> _What you need to do_:
Nothing but the lines below from the one with "Hier sind die" through the one with "Mercedes-Benz of Hemel Hempstead" should be output, each exactly as given, and no pictures.

> _Record excerpts_:
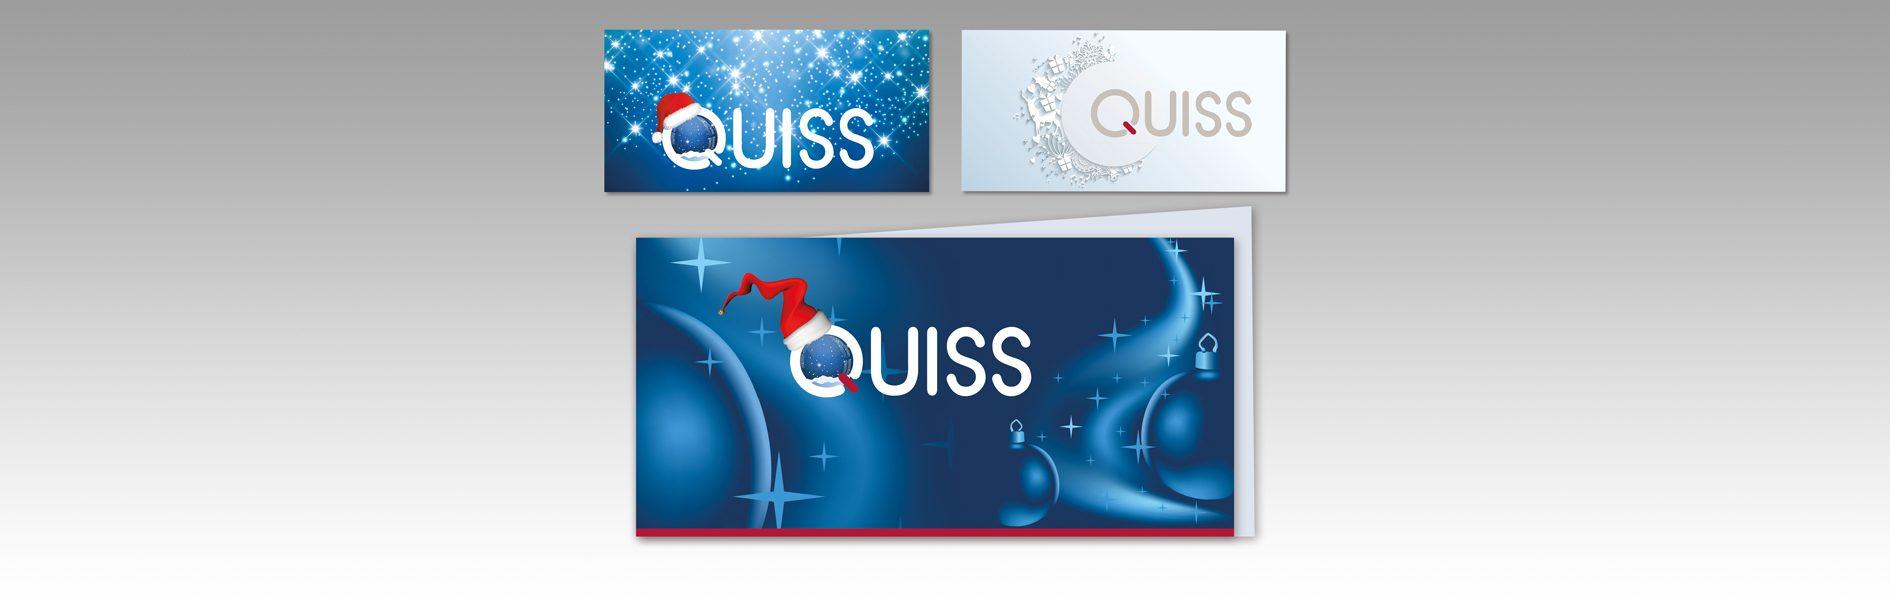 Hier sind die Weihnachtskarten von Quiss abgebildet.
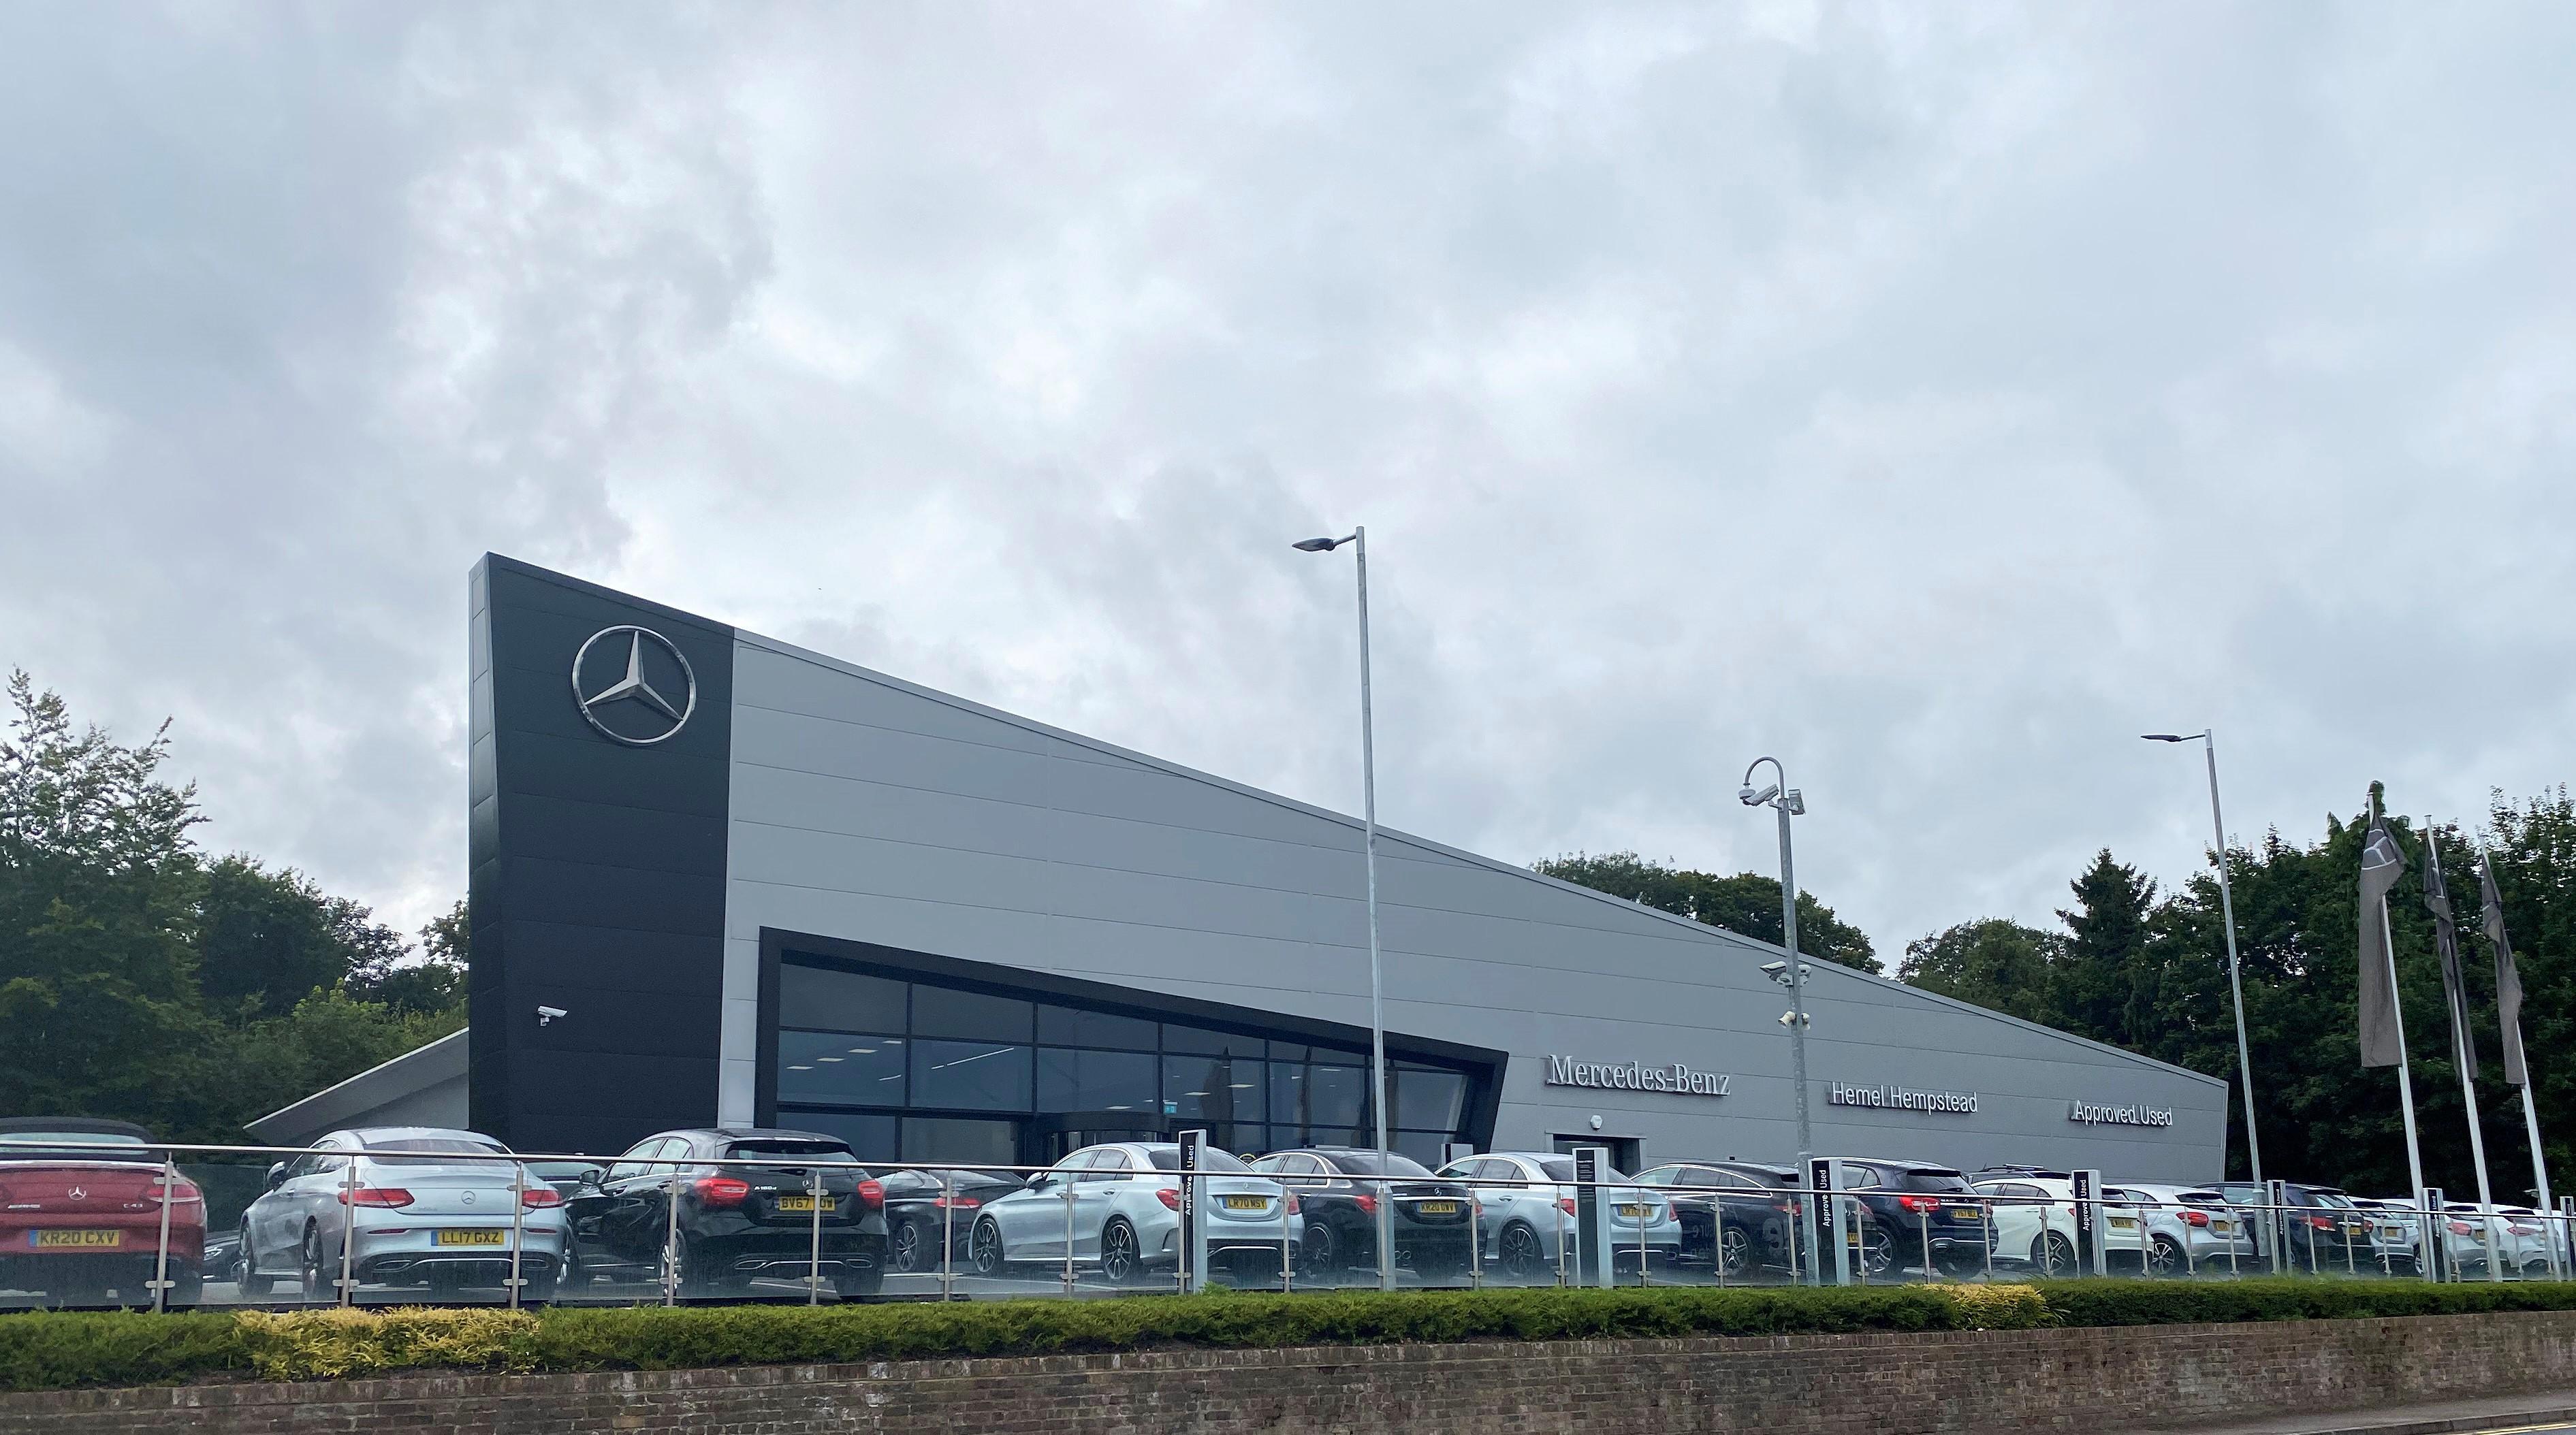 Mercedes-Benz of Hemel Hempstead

* * *

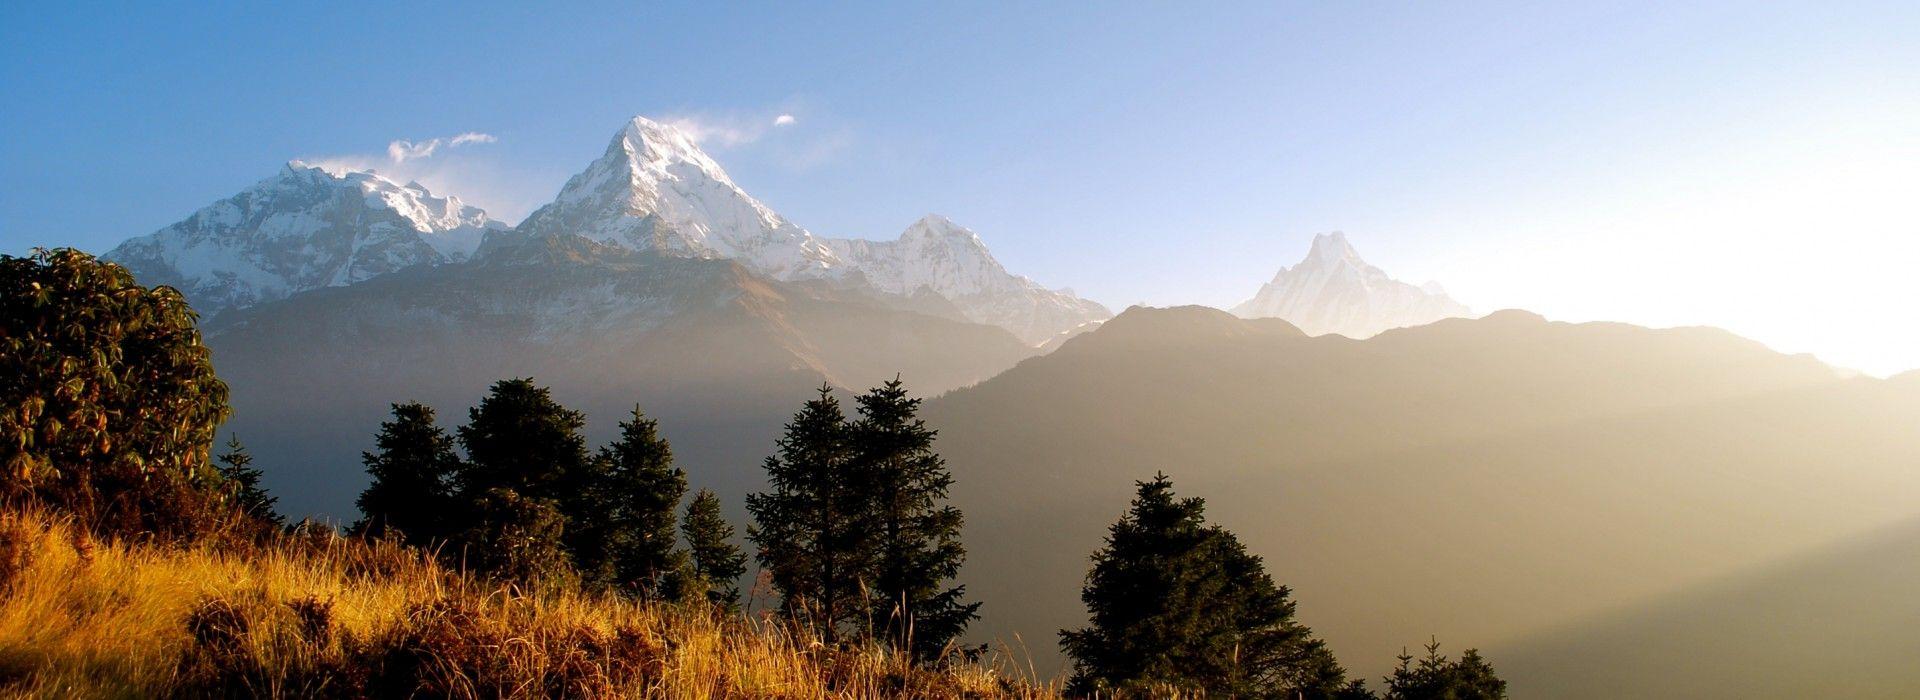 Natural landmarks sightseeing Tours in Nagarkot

> _Written solution_:
 Hier sind die Weihnachtskarten von Quiss abgebildet.
 Mercedes-Benz of Hemel Hempstead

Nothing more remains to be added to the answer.